- Born: December 10, 1955 (age 70) Fort Worth, Texas, U.S.
- Other name: Delilah Merriman–Montoya
- Education: University of New Mexico (BA, MA, MFA)
- Occupations: Contemporary visual artist, educator
- Known for: Photography, mixed-media installations
- Style: documentary
- Movement: Chicana art
- Awards: Artadia (2008)
- Website: www.delilahmontoya.com

= Delilah Montoya =

Delilah Marie Montoya (born December 10, 1955) is an American contemporary visual artist and educator. She is known for her documentary photography, and exploration of Chicana identity. Montoya divides her time between Albuquerque and Houston.

== Life and career ==
Delilah Montoya was born December 10, 1955, in Fort Worth, Texas, and was raised in Omaha, Nebraska, by her Anglo-American father and Latina mother. She earned her BA, MA and MFA degrees from the University of New Mexico.

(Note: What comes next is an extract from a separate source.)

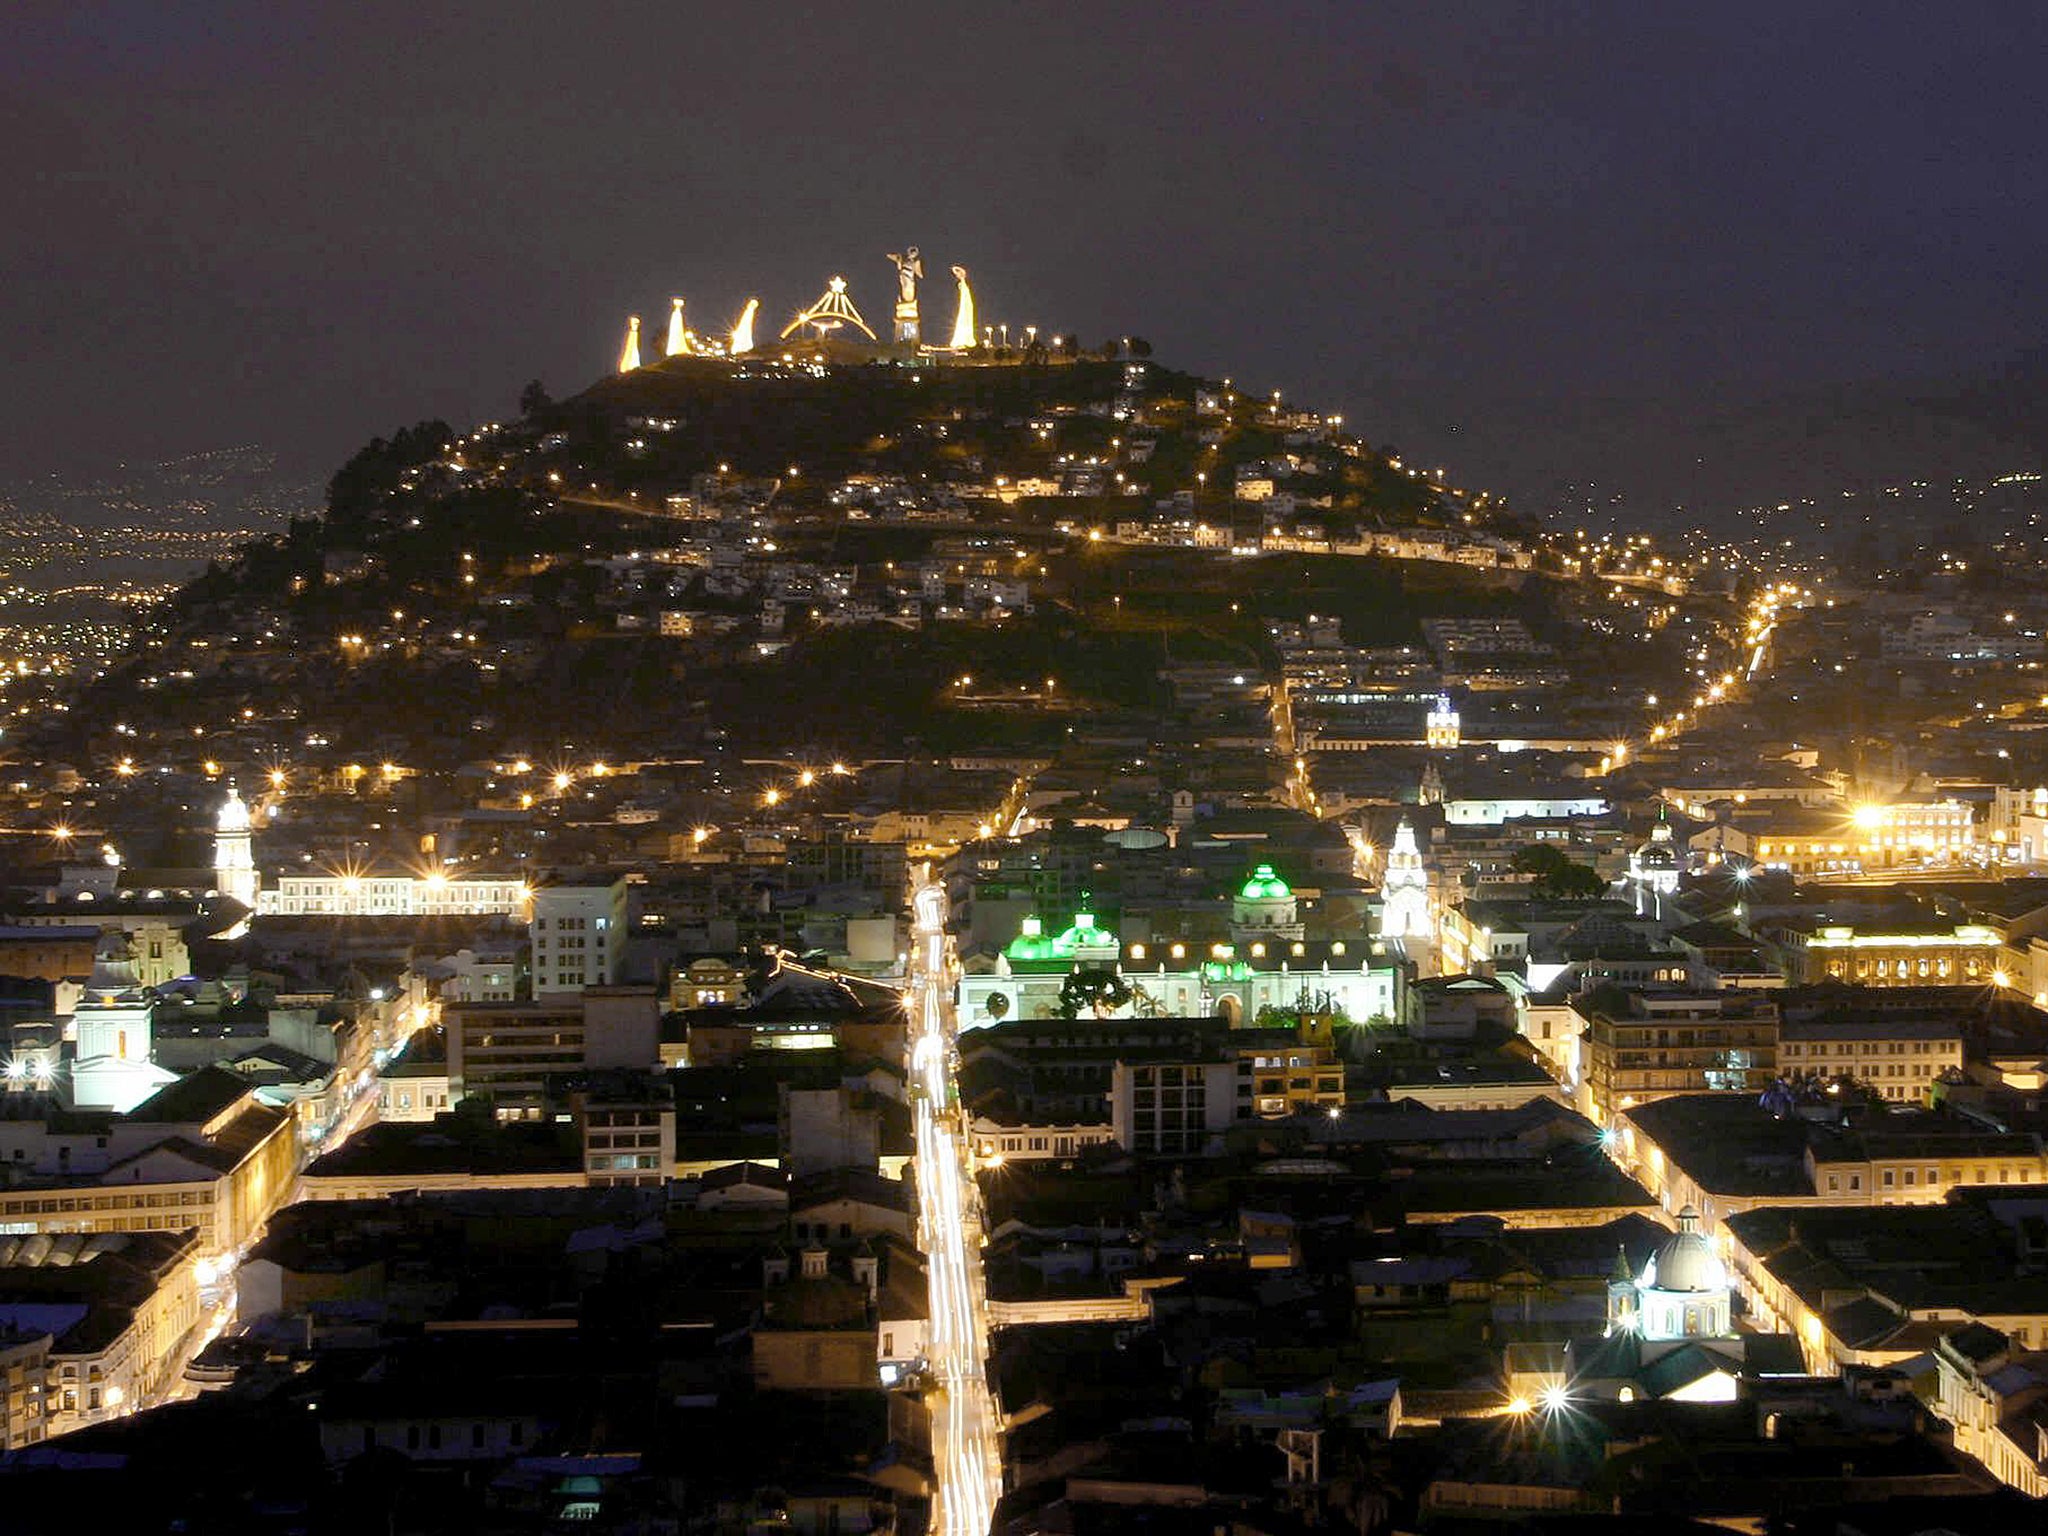 Quito, Ecuador's capital, at night

Her art is noted for its exploration of Chicana identity and for innovative printmaking and photographic processes. She is also noted for her use of mixed-media installations and often incorporates iconic religious symbols in her pieces. Montoya attributes the politicization of her work to the formative influence of her upbringing, within the environment that afforded her exposure to pivotal social movements including the Brown Berets, the Civil Rights Movement, and the plight of Mexican migrant workers.

She has taught at the University of New Mexico, the Institute of American Indian Arts and California State University, before accepting her current position at the University of Houston. She was a 2008 Artadia awardee.

==Art==
Montoya's work from the 1990s is noted for its exploration of spirituality through the use of Catholic iconography and Mesoamerican folklore images such as the Sacred Heart, Virgin of Guadalupe, La Llorona and Doña Sebastiana. More recent works have explored migration across the US-Mexico border. For example, Montoya’s mixed media installation Sed: The Trail of Thirst (2004-2008) focuses on the absence of people in the desert landscape. The piece depicts the hardships migrants face while crossing the border. The art piece incorporates photographs, videos, digital prints as well as actual objects found left behind along the US-Mexico border. Sed: The Trail of Thirst pays homage to bravery of individuals who have perished while traveling along the border.

Montoya’s well-known installation titled La Guadalupana (1998) incorporates the religious icon the Virgen de Guadalupe. It was originally created to be a part of an exhibition in Musée de Beaux-Arts Denys-Puech in Rodez, France, curated by Francisco Benitez, titled "Ida y Vuelta: Twelve Artists from New Mexico". In the mixed media installation, the centerpiece is a black and white photograph of a shirtless hand-cuffed man named Felix Martínez who has his back towards viewers revealing a vibrant tattoo of the Virgin. The symbolism of the Virgin portrays redemption. The centerpiece is surrounded by colored photographs of other tattoos of the Virgin on different individuals. The piece also incorporates an altar at the base of the centerpiece which includes a blanket, roses, candles and rosaries. Felix Martinez was a veterano who was being held in Albuquerque Detention Center when Montoya took this photo of him. He was detained because of his proximity to a drive-by shooting, and due to complications with the trial, he was later killed in his cell. The art piece critiques prisons and the treatment of Latinos by law enforcement. The depiction of the Virgin in the installation helps viewers infer the nationality of the subject in the centerpiece. Montoya has been criticized for her use of sacred Catholic imagery.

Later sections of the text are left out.